Your goal
Write out exactly the lines from the one with "余った野菜を活用するなら?旨みと甘みたっぷり、干し野菜のすすめ" through the last line of the data below, but not the pictures.

----- Source data

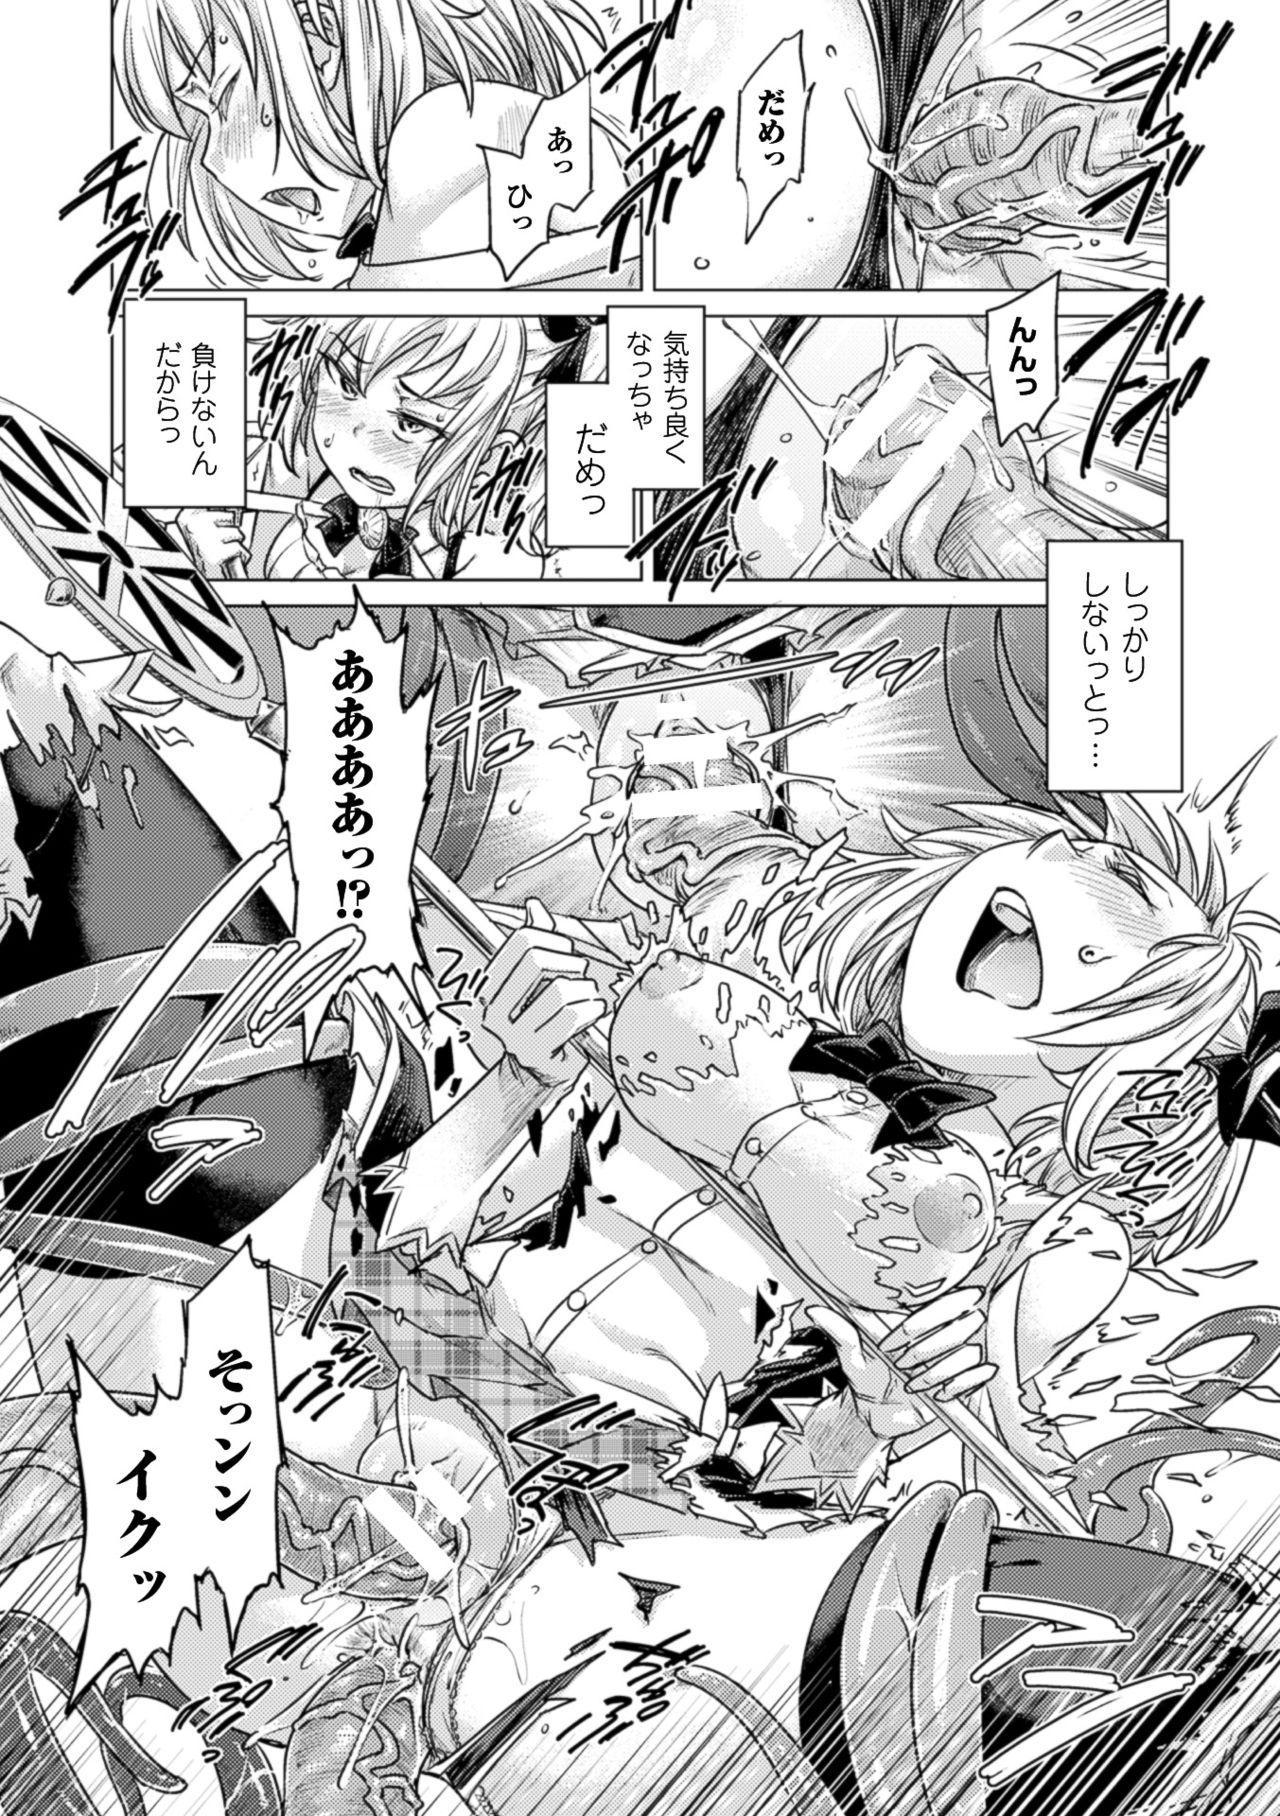 2D Comic Magazine Energy Kyuushuu Sarete Haiboku Shite Shimau Heroine-tachi Vol. 4 51
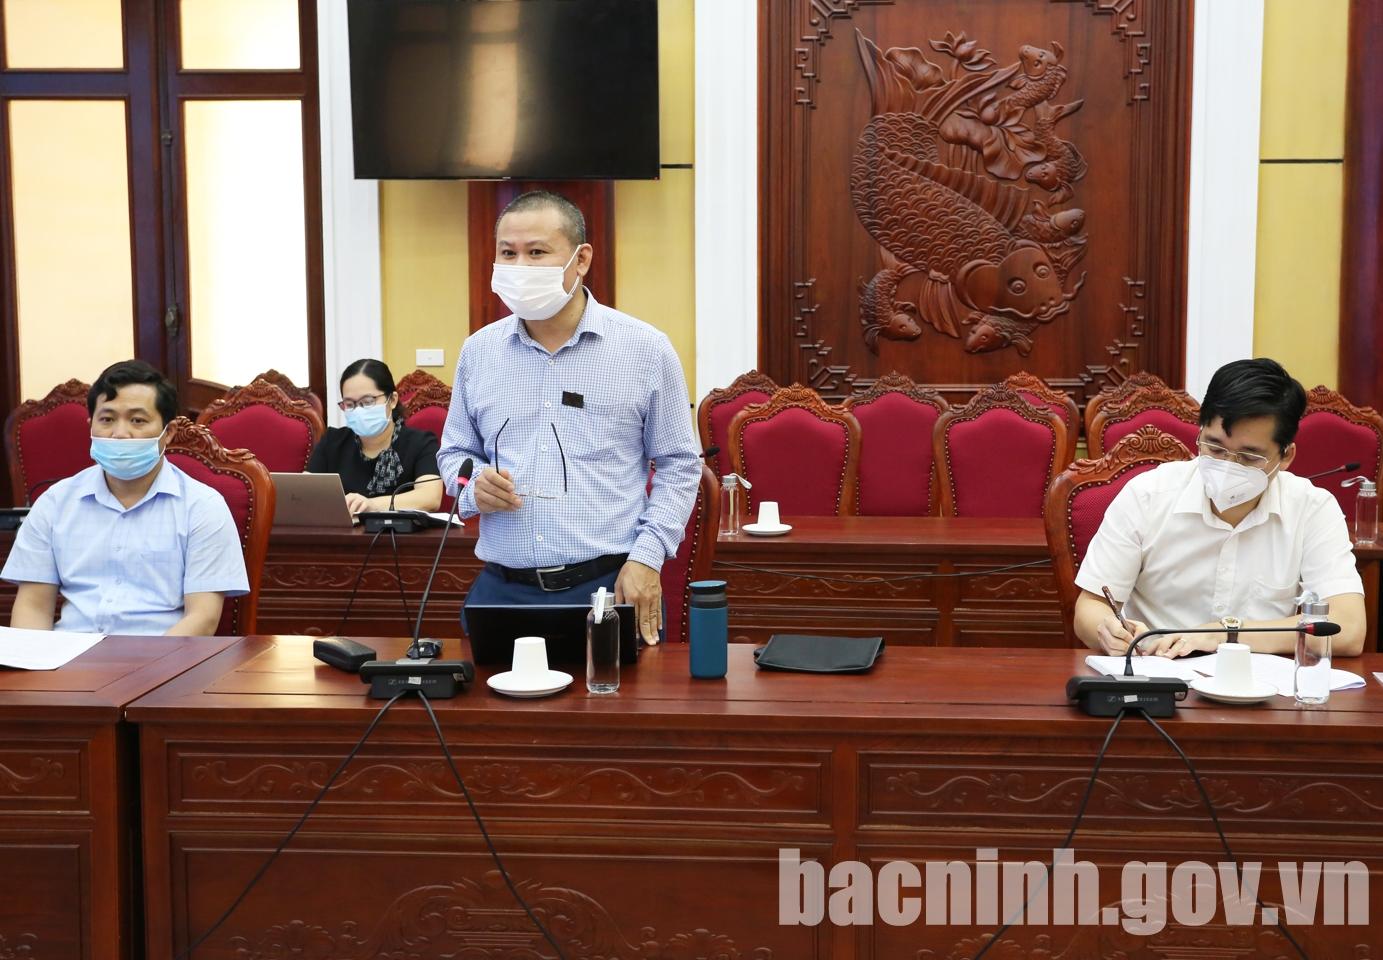 Bắc Ninh: Chuẩn bị khởi công thêm 2 khu công nghiệp VSIP II và Thuận Thành I - Ảnh 2.
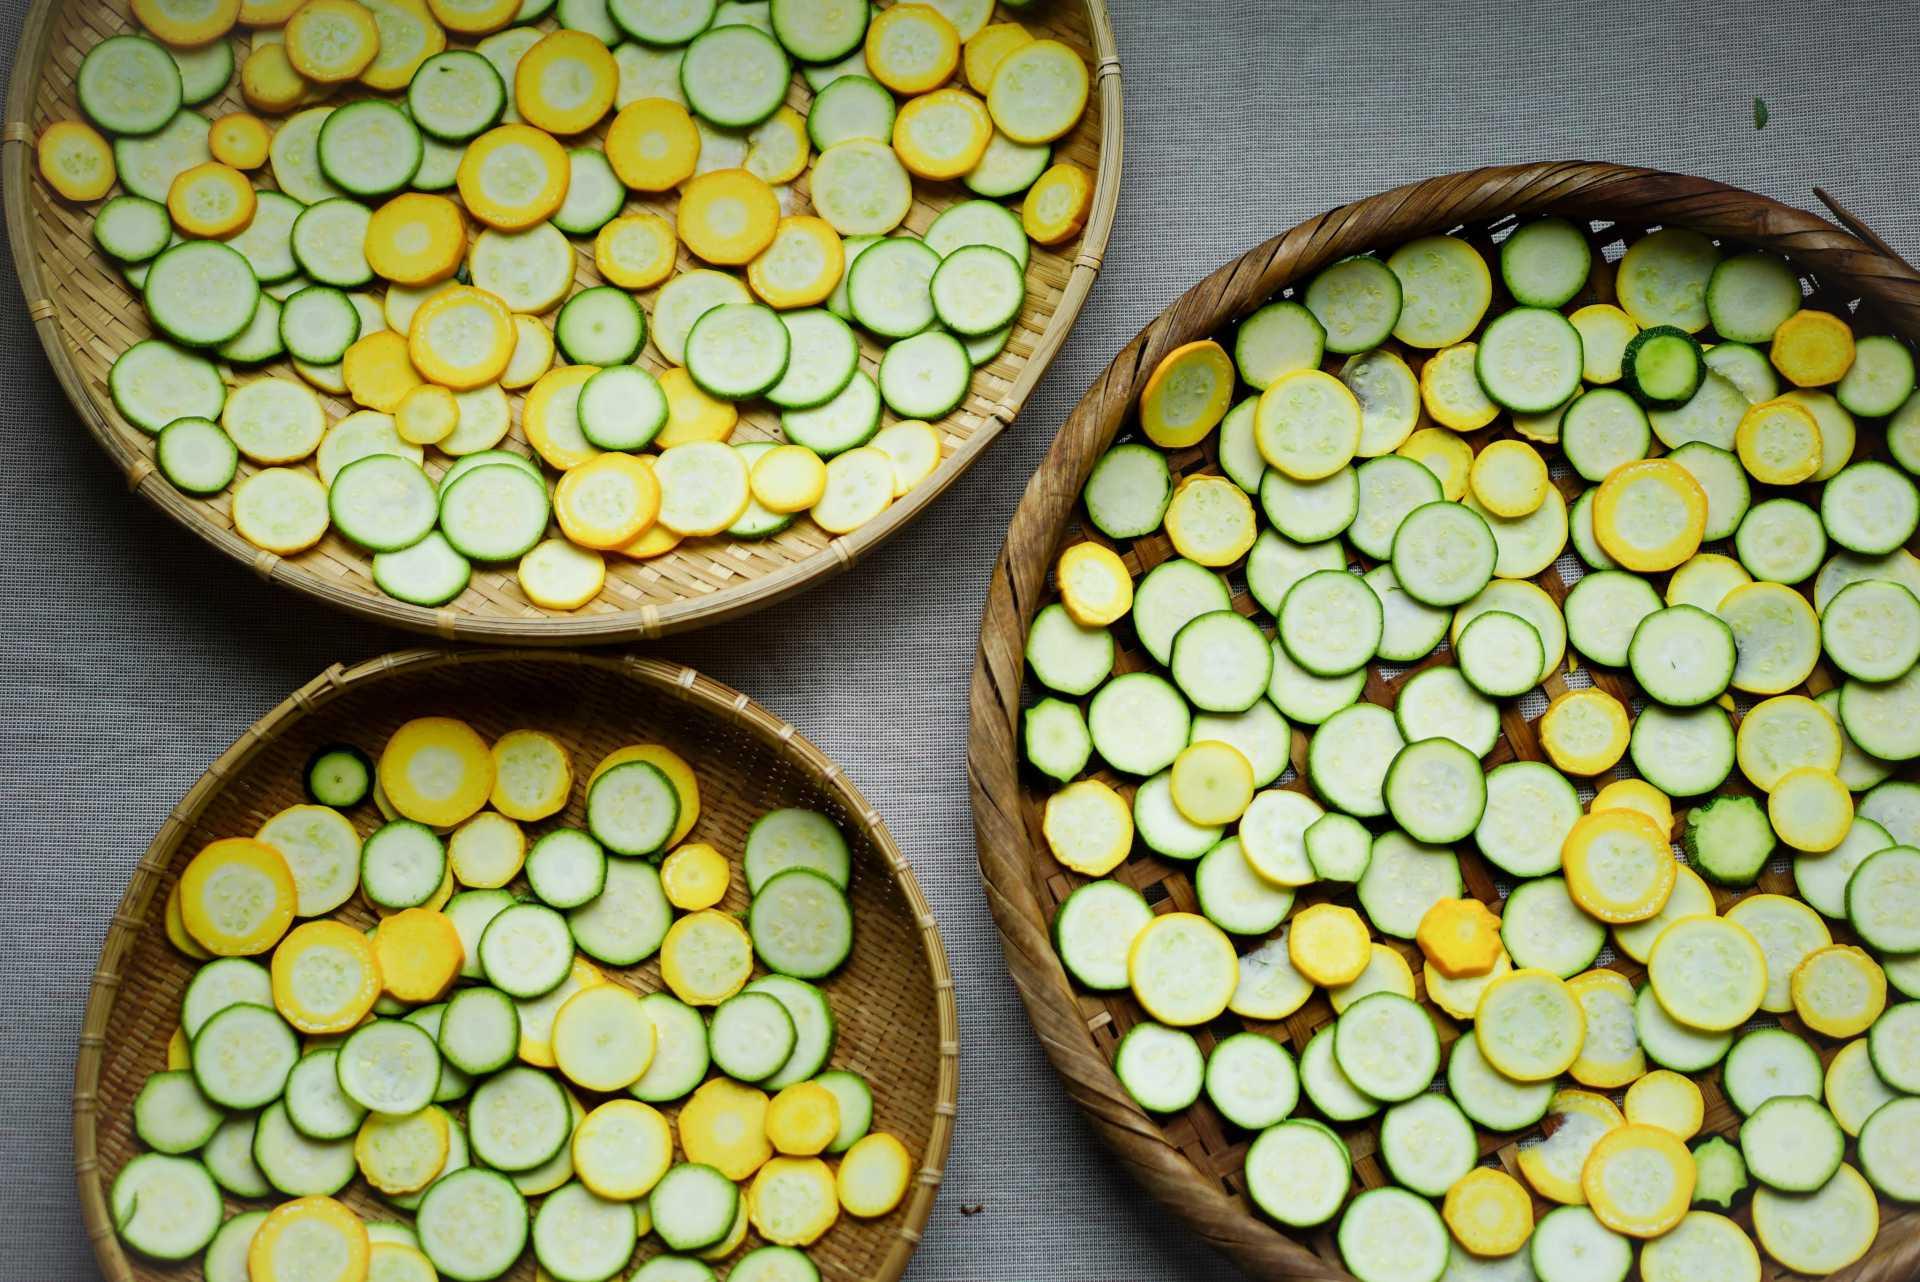 余った野菜を活用するなら?旨みと甘みたっぷり、干し野菜のすすめ
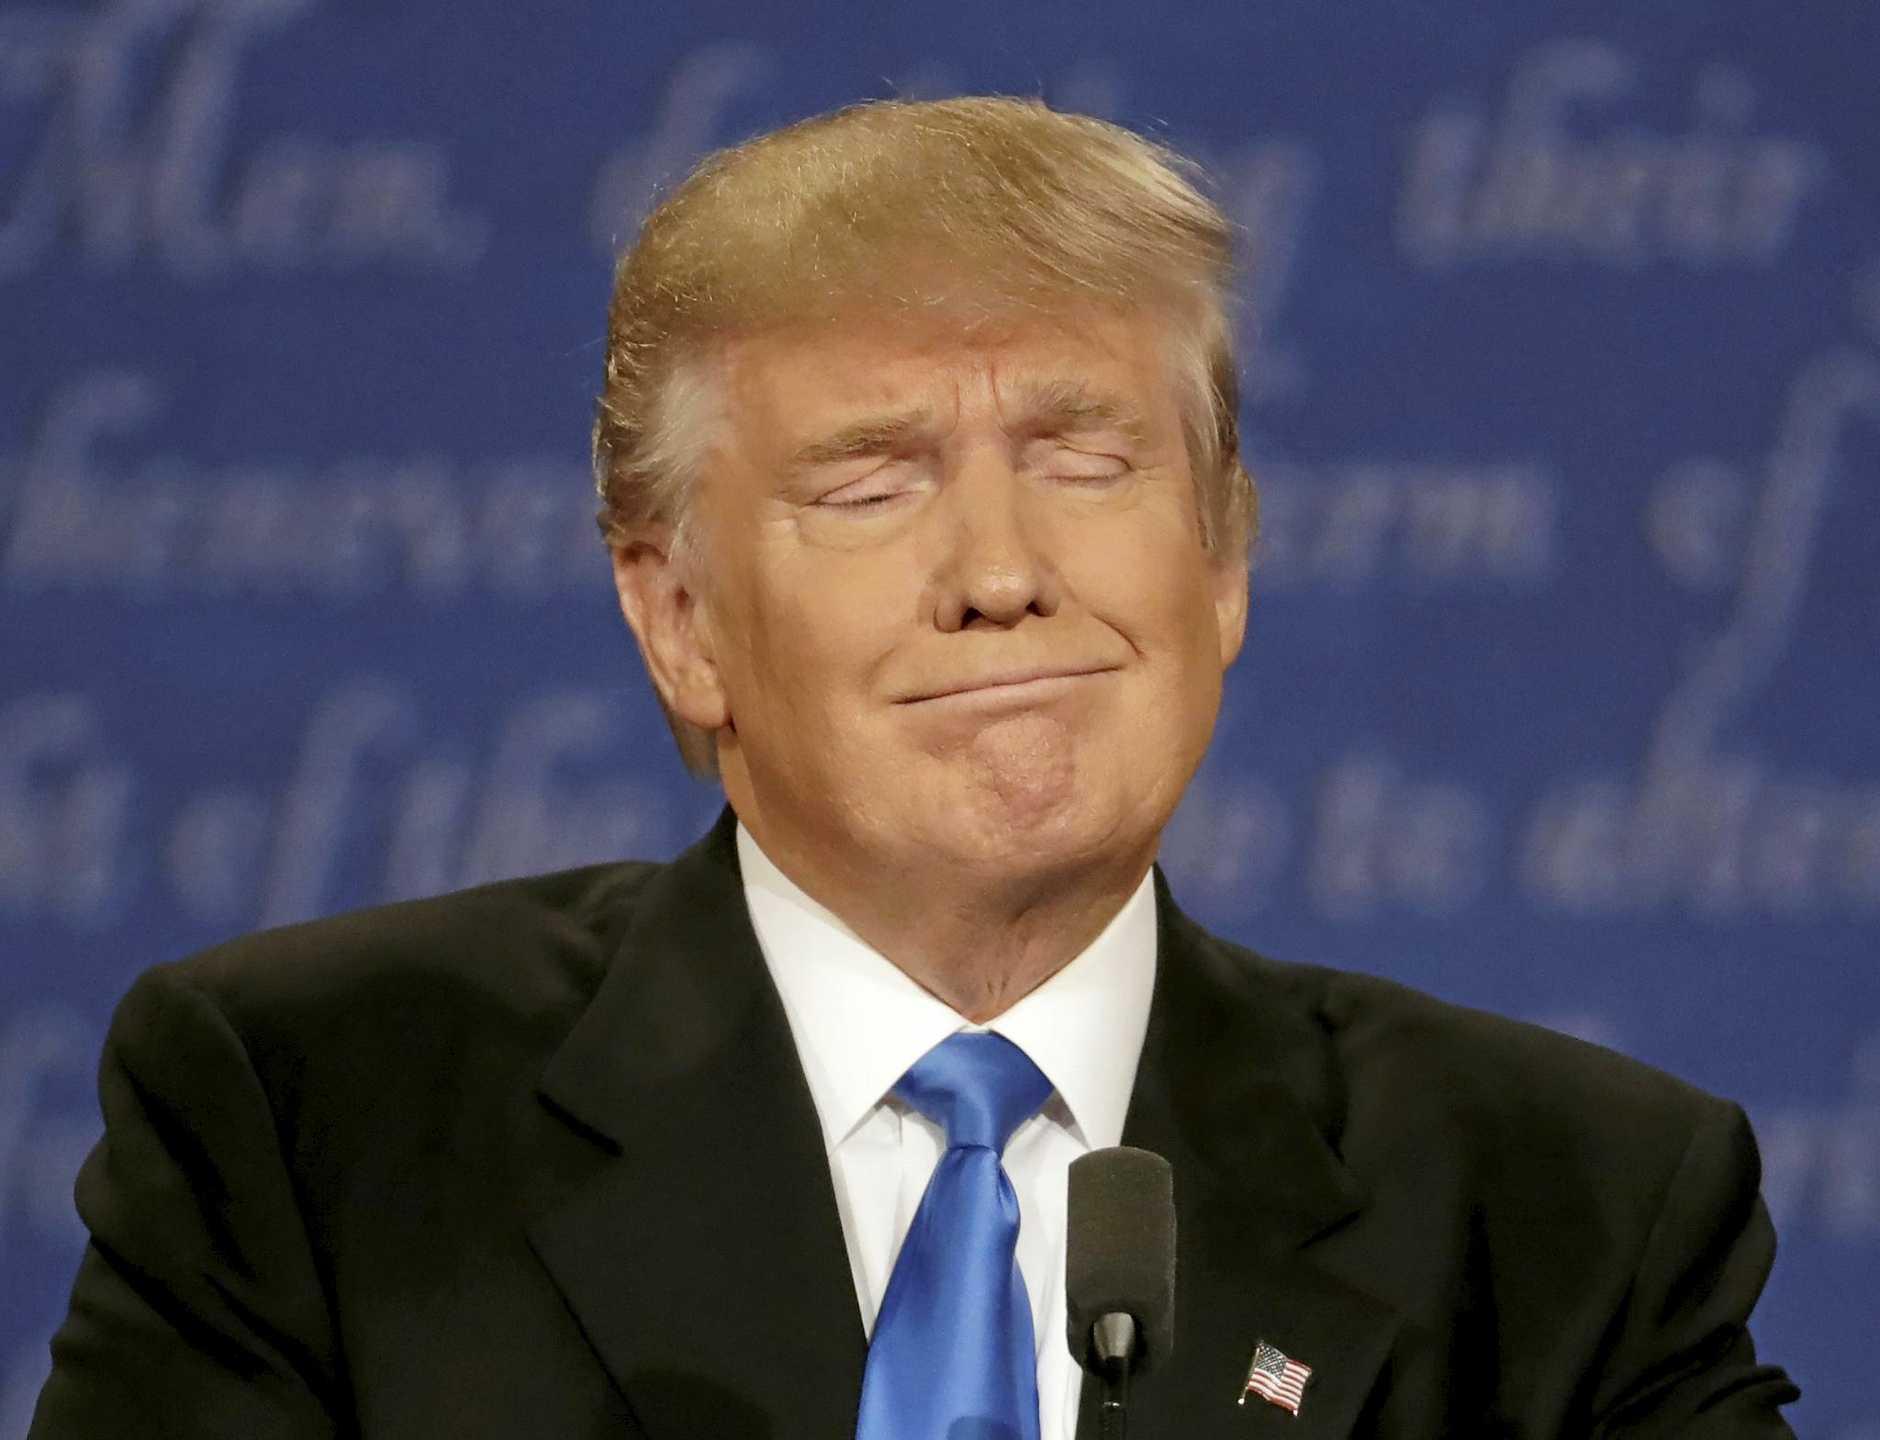 Trump #2: The tight-lipped smile.

----------

Solution to this task
 余った野菜を活用するなら?旨みと甘みたっぷり、干し野菜のすすめ
 Trump #2: The tight-lipped smile.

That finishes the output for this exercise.